Puneet Anand, senior general manager and group head, marketing, HMIL, says building brand preference as well as awareness is critical for the repositioning.
The company’s projection as a modern premium brand has meant specific initiatives in aspects such as manufacturing and customer experience. For instance, to enhance production efficiency and quality of product, the company has installed 560 fourth generation robots on the factory floor to reduce carbon footprint by 12 per cent. According to the company, this would help in creating products for domestic and global markets. The company is also focusing on employees and vendors to improve efficiency in manufacturing. For instance, under one programme, employees are invited to share innovative ideas about “smart manufacturing process” for cost saving.
The company says it has yielded benefit in terms of less lead time, high enquiry tracking, better accessibility, providing unique experience to customers and serving them in a targeted manner.
“We are in a process to improve our connect with millennials in India with a strong social media presence. We are the only company which has also started online booking last year,” says Anand, adding that it helps the prospective buyer to choose the car and dealership online.
For the average car buyer, Anand says, time is divided between home, office and car. “We are not only looking at the product but the entire relationship with the car. We want to make this third space exciting for customers.”
With the economy maturing, the company sees a changing consumer behaviour in India that is marked by a growing preference towards SUVs from smaller cars. With 25 per cent sales coming from SUVs last year aided by brands like Creta, HMIL plans to add models to the segment even as it banks on the likes of Elantra and Verna to keep up the excitement in compact cars.
“We are value seekers, and in India the price-value equation is unique. The average ticket size is probably the lowest in the world, but to win the race quality can’t be compromised,” says Anand.
Car sales in India clocked over 3.2 million units in 2017, with the domestic market reporting a growth of 8.85 per cent. In the passenger vehicle segment, SUVs attracted highest growth. HMIL recorded domestic sales of 5.27 lakh units with a growth of 5.4 per cent, while its contribution to Hyundai Motor Company grew to 15 per cent, as compared to 13.6 per cent in 2016.
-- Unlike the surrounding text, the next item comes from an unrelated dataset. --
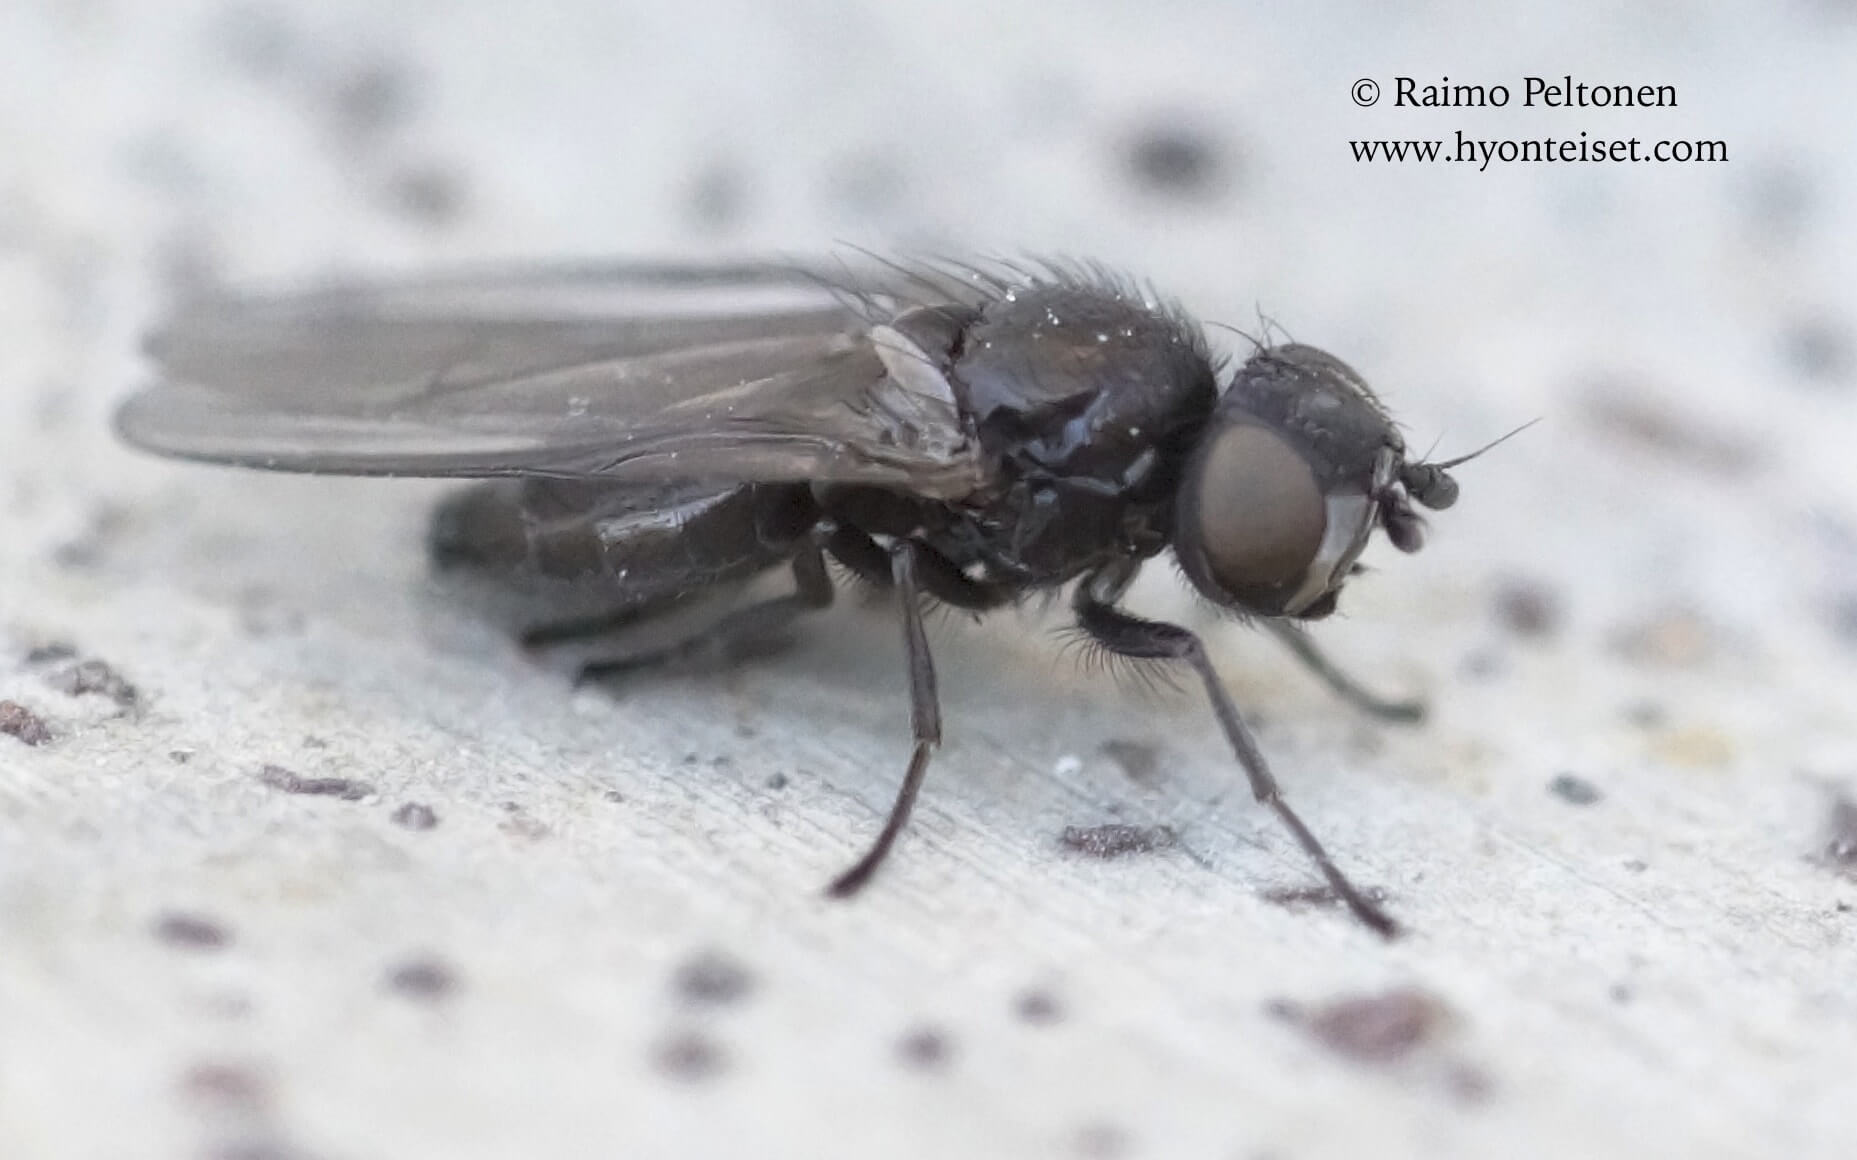 Earomyia lonchaeoides (det. Iain MacGowan), 16.5.2017 Jyväskylä

While Maruti Suzuki retains a lion’s share as the market leader (49.6 per cent) in the Indian passenger vehicle space, HMIL comes second with 12.33 per cent share, according to Siam figures for 2017.
To stress the company’s modern premium positioning, Anand says HMIL is also focusing on electric vehicles by building capability for mass production.
Saurabh Jain, associate vice-president, research (equity), SMC Global Securities, points out that with Kia Motors—a sister concern of Hyundai which is set to launch in India next year—the latter is positioning itself as a more premium player with plans to relaunch brands like Santro. Jain agrees that both Maruti and HMIL are mass market companies. But while Maruti scores high in terms of affordability, after sales maintenance and second-hand market, Hyundai provides greater driving pleasure albeit with higher after sales costs. “The comfort of Hyundai cars is superior, so there is no harm in taking it up a notch for acceptance. Maruti opened Nexa, which created premium ceilings that did not cater to the mass. But Hyundai intends to give a premium appeal to every buyer through marketing initiatives.”